Make it obligatory that every litigant represent himself and plead his own case.
Attorneys could still exist, of course. They would research the case, find the relevant case law, prepare arguments and findings, coach their client.
But then he would have to deliver the argument himself.
This would strangle off the flow of weasel-language from the legal code to the lawyer to the jury (as moderated by the judge). Legislators can only write weaselly laws if such laws can be presented to juries in some way that the average juror will find meaningful. The jurors themselves cannot possible understand the U.S. Code; but a lawyer can function as a sort of translator-cum-priest, mumbling in the sacerdotal language and, with great rhetorical cunning, enunciating and emphasizing just enough to get the general idea across.
But there is no way that someone who didn’t understand the law could both stay within its bounds and speak convincingly about it. (This is why self-representation typically ends poorly.) The lawyer cannot just give his client his notes and expect him to make the closing argument. He can’t even prepare the kind of closing argument a lawyer would give, and expect his client to memorize it verbatim. Even if the client’s memory were up to the task, he would fail to enunciate, articulate, emphasize, and generally to practice good priestcraft. You need law school (and plus maybe a few internships) to get good at that.
So again, you would not need to abolish the division of labor in the legal system. Litigants could still hire lawyers to handle the busy work and get a handle on the facts of the case. But the legal principles the laws hinge on would have to be explained by a non-lawyer to non-lawyers. The maximum legal complexity that can be communicated across this channel would be slender, so once self-representation was made mandatory the outcomes of most cases would correspond pretty closely to what an ordinary man would assume was in the law after having skimmed the key sections.
At that point, discretion being the better part of valor, legislatures would be forced to simplify the laws so that the contents of each title are what an ordinary man would assume after skimming the key sections.

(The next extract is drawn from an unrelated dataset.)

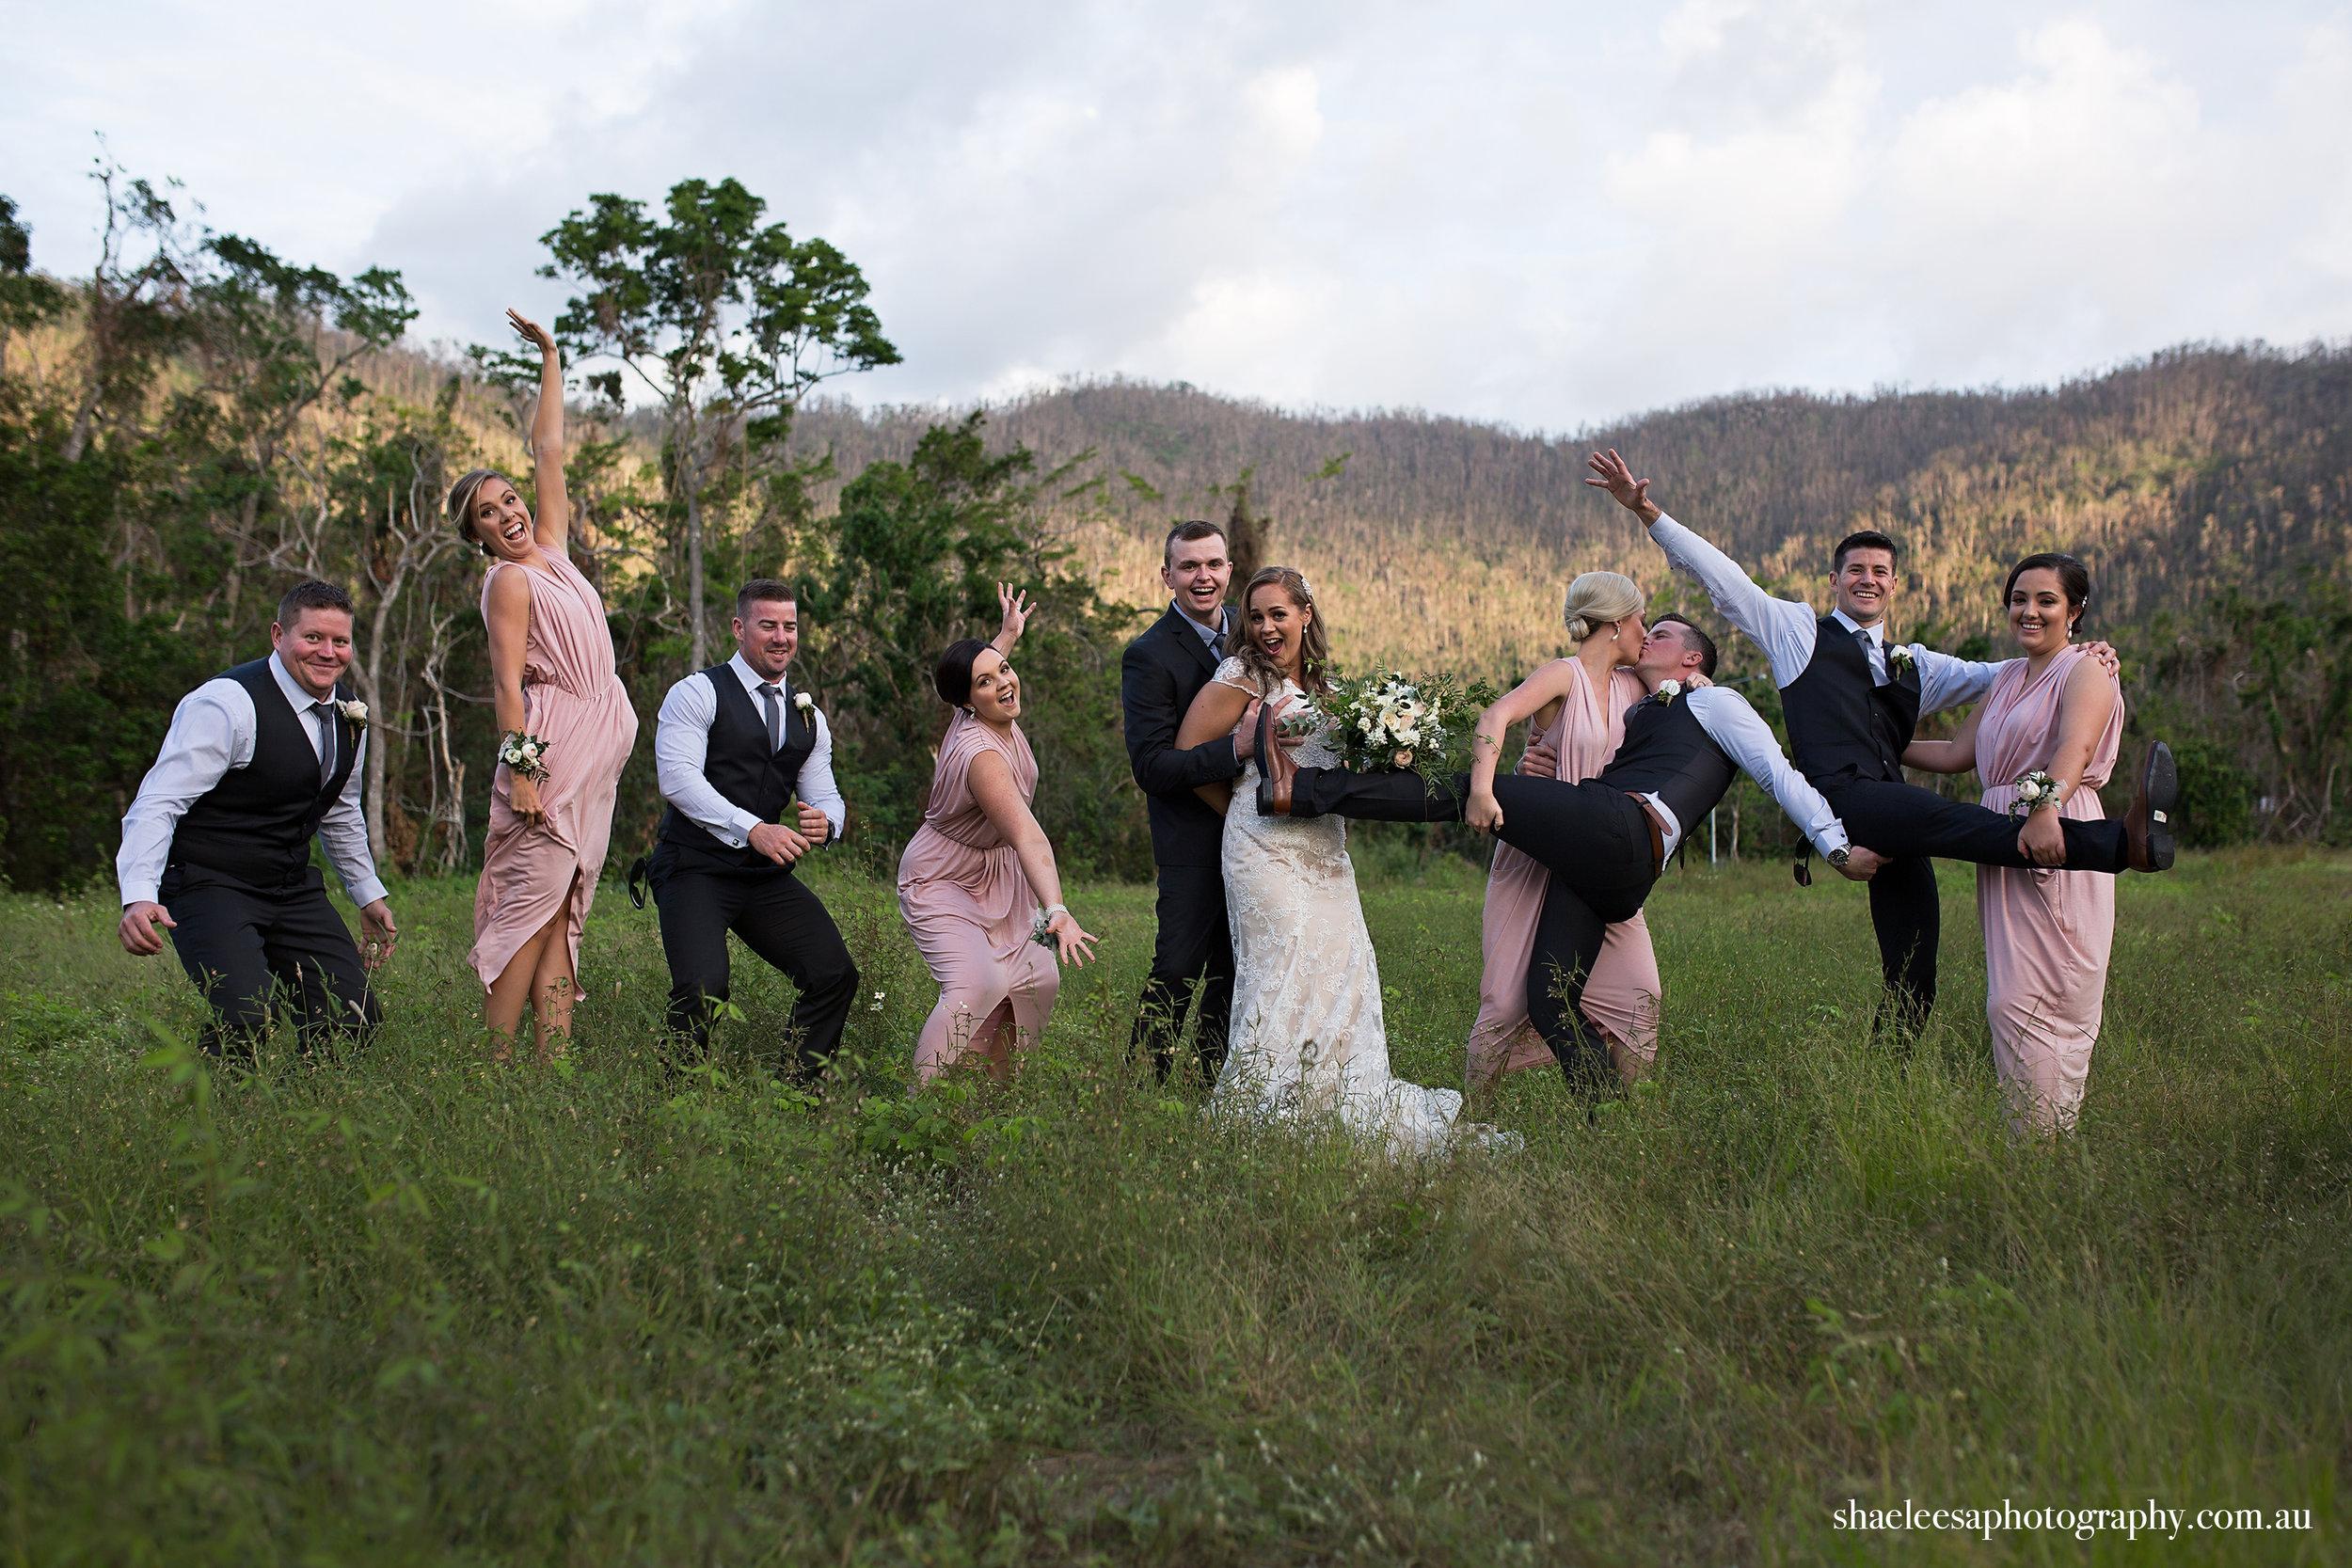 WeddingsByShae_184_McDermid2017.jpg

If that form of rationalization-by-fire could be achieved, it might turn out that trial-by-jury isn’t such a terrible system after all. Even direct election of judges is more logical considered as an exercise in choosing an impartial moderator for legal proceedings. It is the sacerdotal obscurity of the code which judges and lawyers use to jointly control juries that makes the judges who interpret that code into priest-administrators. No more sacerdotal complexity, no need to burden the voters with spotting the holiest of the judicial candidates.
This may sound like a thought experiment, but I’m thinking of it more as a socio-political dirty bomb. One key question (for Americans) is whether the constitutional right to counsel includes a right to have an attorney represent one in a criminal case or whether one is only entitled to whatever form of “Assistance” would be typical in the case. The commonsense reading is that, where representation pro se is atypical, every defendant should have an attorney (who will represent him). But if representation pro se were mandatory, then there is no class of defendant being denied some form of assistance others lack. —— If it’s impossible to reform the criminal code in this way, it should still be possible to introduce this principle in civil cases.
This shouldn’t be too hard to sell. Everyone hates lawyers. The populist appeal is strong enough to get at least a few opportunistic Democrats to back it rhetorically while it’s still “impossible”. And impossible things have a funny way of working themselves out.